Tajalli Productions
- Founded: 2016; 10 years ago
- Founder: Jamaat-e-Islami Hind, Telangana chapter
- Headquarters: Hyderabad
- Key people: Syed Faqruddin Ali Ahmed Zayeemuddin Ahmed Shaik Abdul Ghani Syed Anas Razvi
- Products: Short Films Talk Shows

= Tajalli Productions =

Tajalli Productions is an online digital infotainment channel, which produces short films, talk shows, interviews, social experiments, lectures on various social, political, and Islamic issues.

==Web series==
- Busting Myths about Muslims (2019)
- Desh Badal Raha Hai (2018)
- Lessons from Surah Yusuf (2018)
- Daily Quranic Summary (2017)
- Baat Mein Baat (2016–present)
- Glimpses from the Qur'an (2016)
- Manazir-e-Qurani (2016)

==Short films==

- Pani Pani Re
- Clean Eid-ul-Adha
- Talaq - In the name of women's welfare.
- Shukr Alhamdulilah (2025)
- Taare Bikhar Gaye (2025)

== Content ==

=== Shukr Alhamdulillah (2025) ===
Shukr Alhamdulillah is an Indian short film produced by Deccan Media House and Tajalli Productions, centered on the theme of gratitude and moral values in everyday life. The film explores the lives of four individuals in a bustling urban setting, each grappling with personal challenges while holding on to the unifying power of faith and thankfulness. Conceptualized by Zayeemuddin Ahmed and directed by Mohd Raheem, the film features Faheem ul Haq in a pivotal role, alongside Jameel Shah, Azad Khan, Muhammad Arfat Khan, and Jamal Khan. The film's poignant message is enhanced by the cinematographic and editing work of Syed Saif Uddin, Musaib Hussain, and Waliullah Farhan.

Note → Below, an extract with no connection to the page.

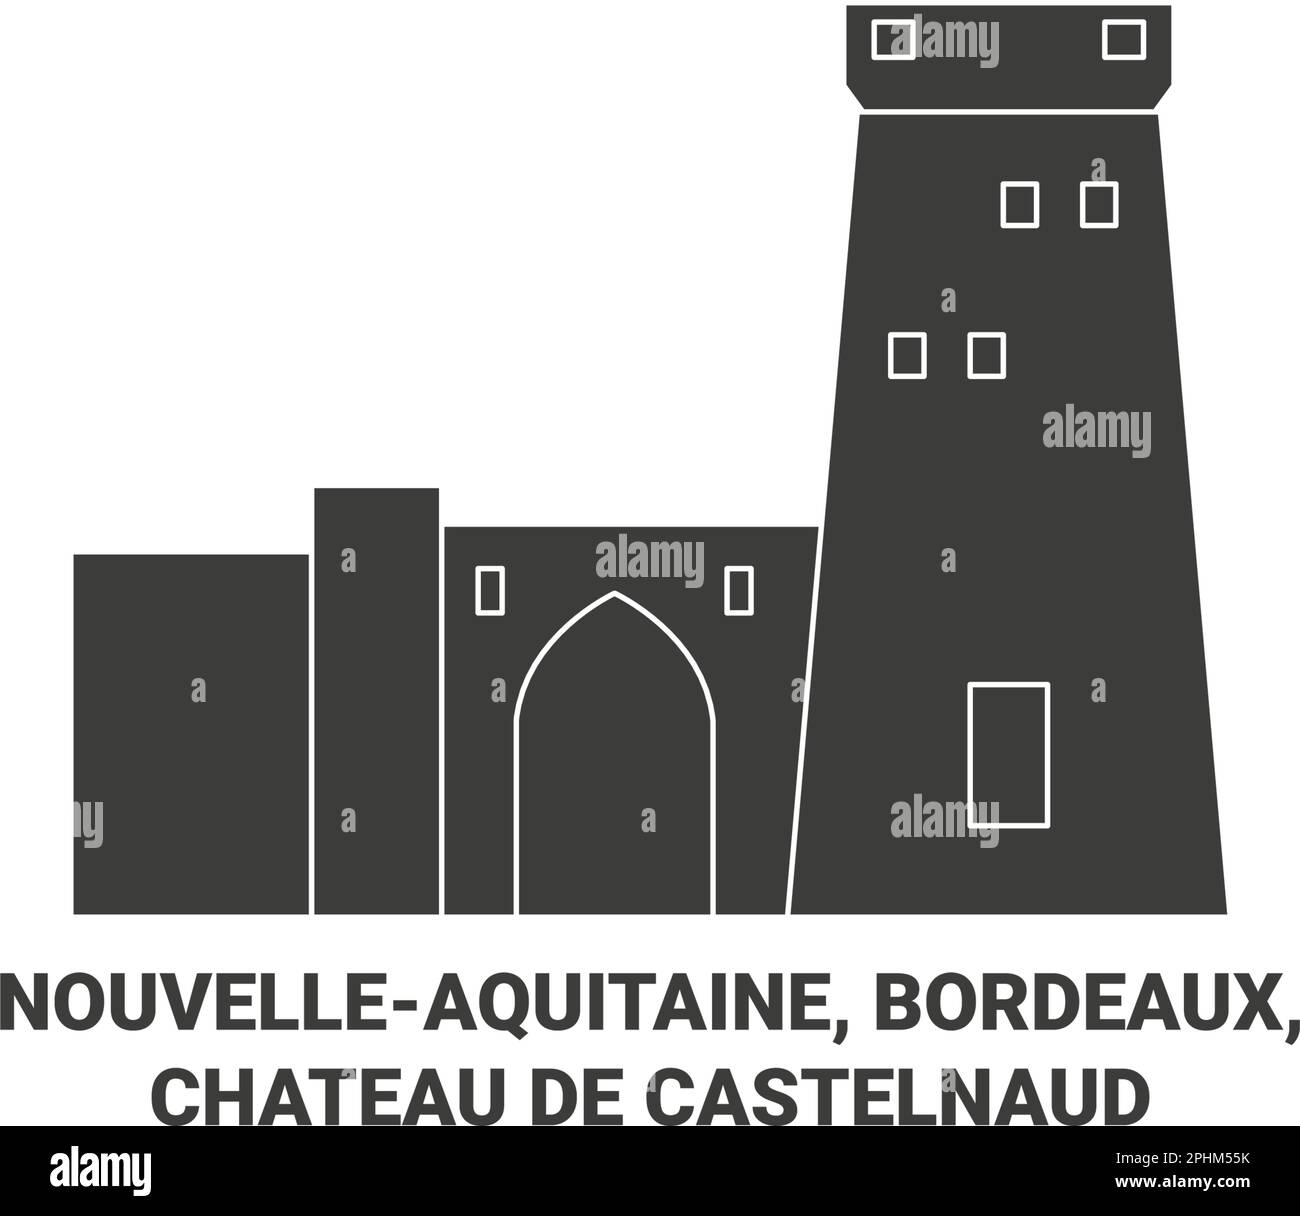 Frankreich, Nouvelleaquitaine, Bordeaux, Chateau De Castelnaud reisen als Vektorbild für Wahrzeichen Stock Vektor

=== Taare Bikhar Gaye (2025) ===
Taare Bikhar Gaye (2025) is an Indian short film that focuses on the tumultuous aftermath of a sudden tragedy befalling a happy family. The storyline centers on how silence gives way to turmoil as suppressed emotions surface, bonds are tested, and invisible wounds speak louder than words. Directed and written by Mohd Raheem, with a story by Zayeemuddin Ahmed, the film employs minimal dialogue to convey its deeply emotional narrative. The visual tone is shaped by cinematographer Imtiyaz Qureshi, while Saif Uddin and Musaib Hussain oversaw the editing. Sound design including foley, music, and background score was handled by Max Productions, and color grading (D.I.) was managed by Waliullah Farhan, Nayab Abdul Kareem, and Tanu Garg. Manohar Bagde served as the chief assistant director. The film is widely recognized for its evocative visual style, emotional resonance, and the powerful storytelling achieved through silence and visual nuance.